Photoluminescence phenomena prevailing in c-axis oriented intrinsic ZnO thin films prepared by RF magnetron sputtering

Abstract

Substantial c-axis orientation of the hexagonal ZnO crystals with wurtzite structure demonstrates only those two preferred peaks in the first-order spectra which are permitted by the Raman scattering selection rule viz., the E^high₂ and A₁ (LO) modes, that identify the improved structural quality of the undoped ZnO film grown by magnetron sputtering in Ar ambient at an RF power of P = 200 W. The presence of a substantial amount of hydroxyl groups attached to the Zn lattice has been correlated to the dominant c-axis orientation of the ZnO crystals which exhibited a distinct UV luminescence band that arises due to the typical exciton emission or near-band-edge emission.
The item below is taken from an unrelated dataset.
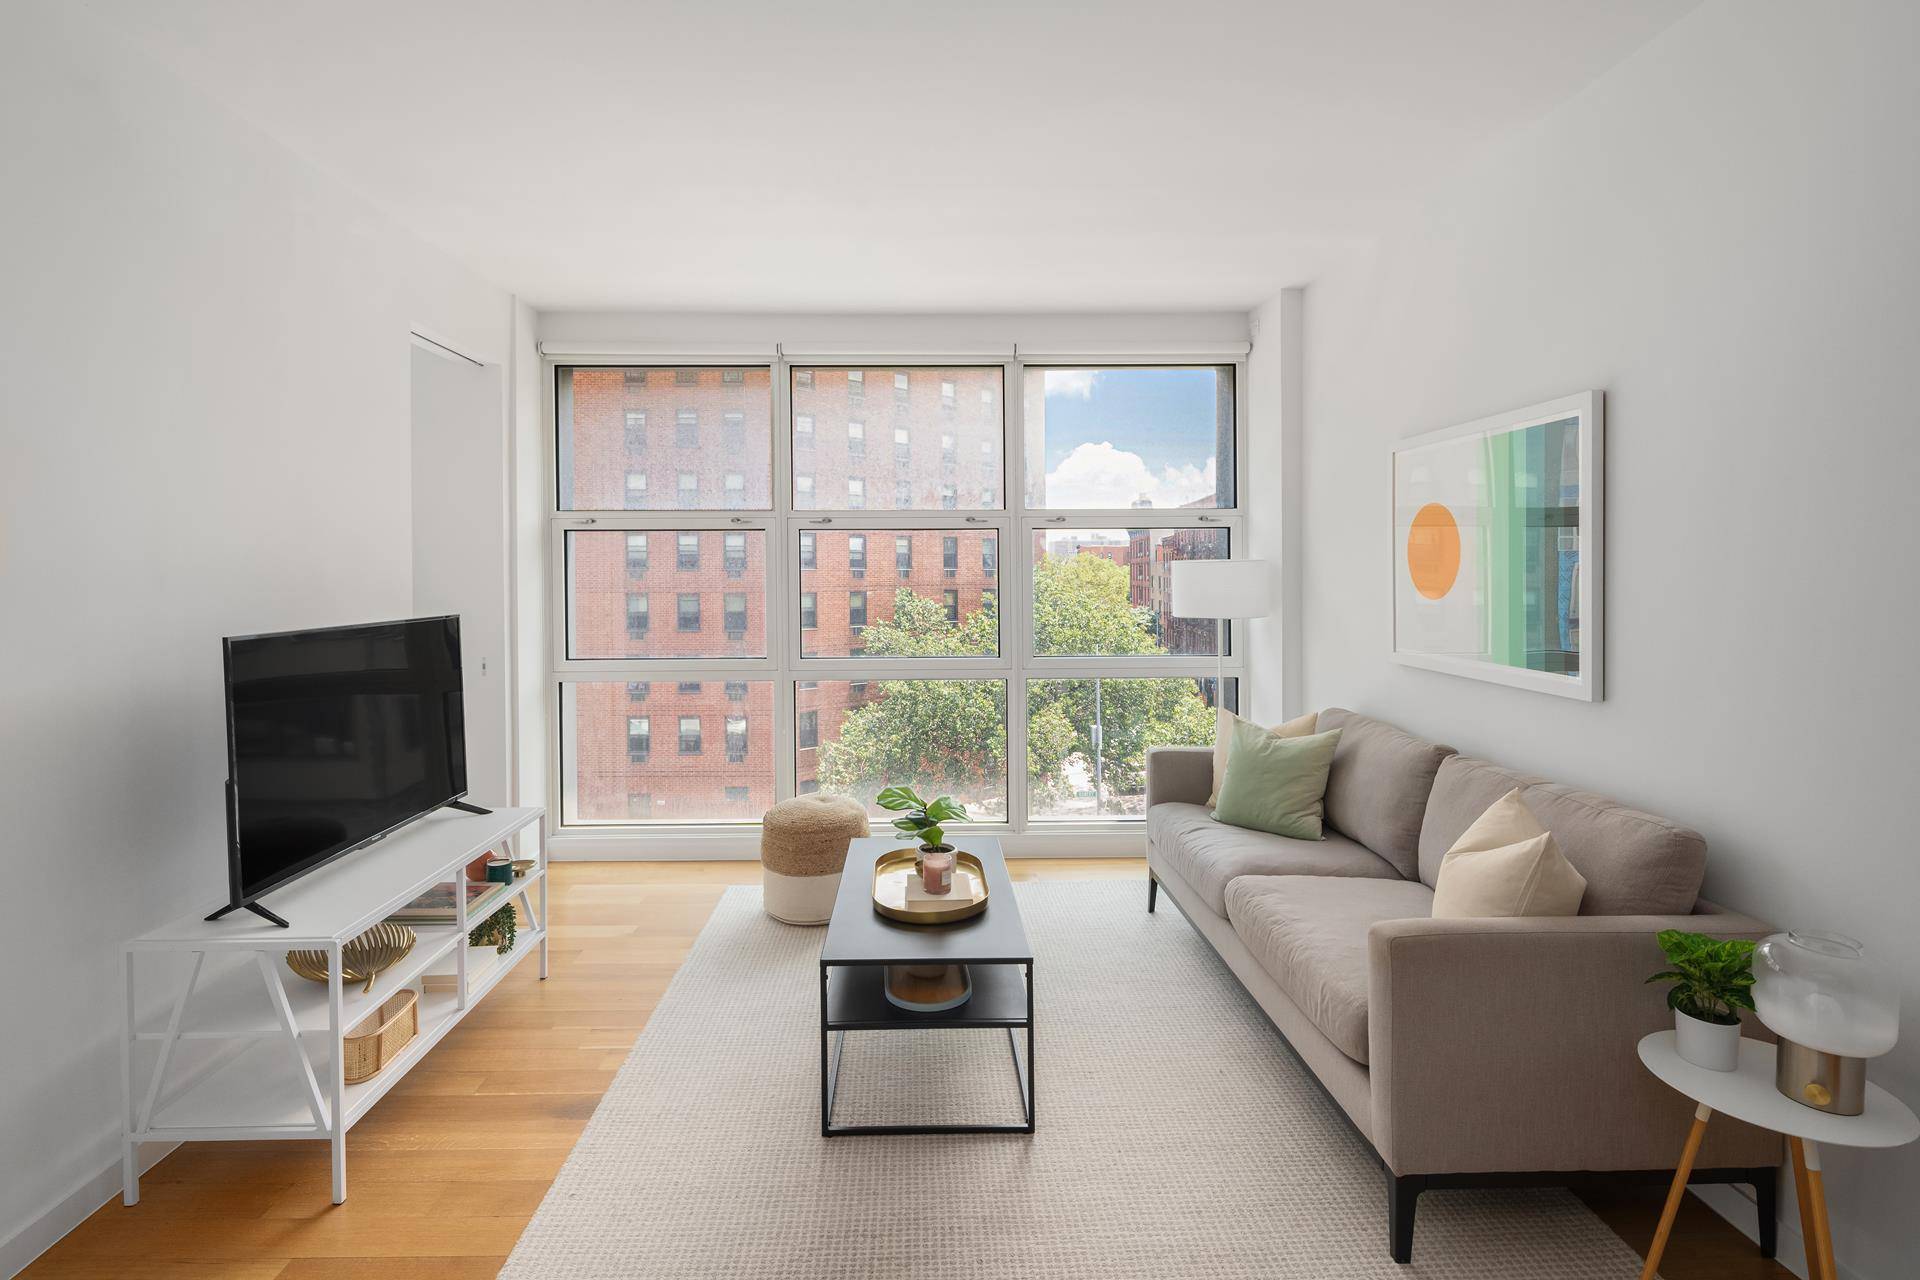 Located on the Bowery in the heart of Nolita, this immaculate one bedroom, one bathroom home is turn key and ready for your personal touch !

At higher applied powers, disorder-activated Raman scattering introduces a well resolved B^high₁ mode and gradually growing second order Raman peaks, (E^high₂ − E^low₂) and (B^high₁ − B^low₁), which are caused by the breakdown of translational symmetry of the lattice by defects or impurities and lead to deviation from preferred c-axis orientation with I₀₀₂/I₁₀₃ < 1. Out diffusion of oxygen from the network creates increasing oxygen vacancy states and in addition, various other defects e.g., Zn interstitial , doubly ionized Zn vacancy and oxygen antisite (O_Zn) as the dynamic acceptor defects, act as the origins of different visible photoluminescence components classified in the UV-violet, violet, violet-blue, blue and green regions.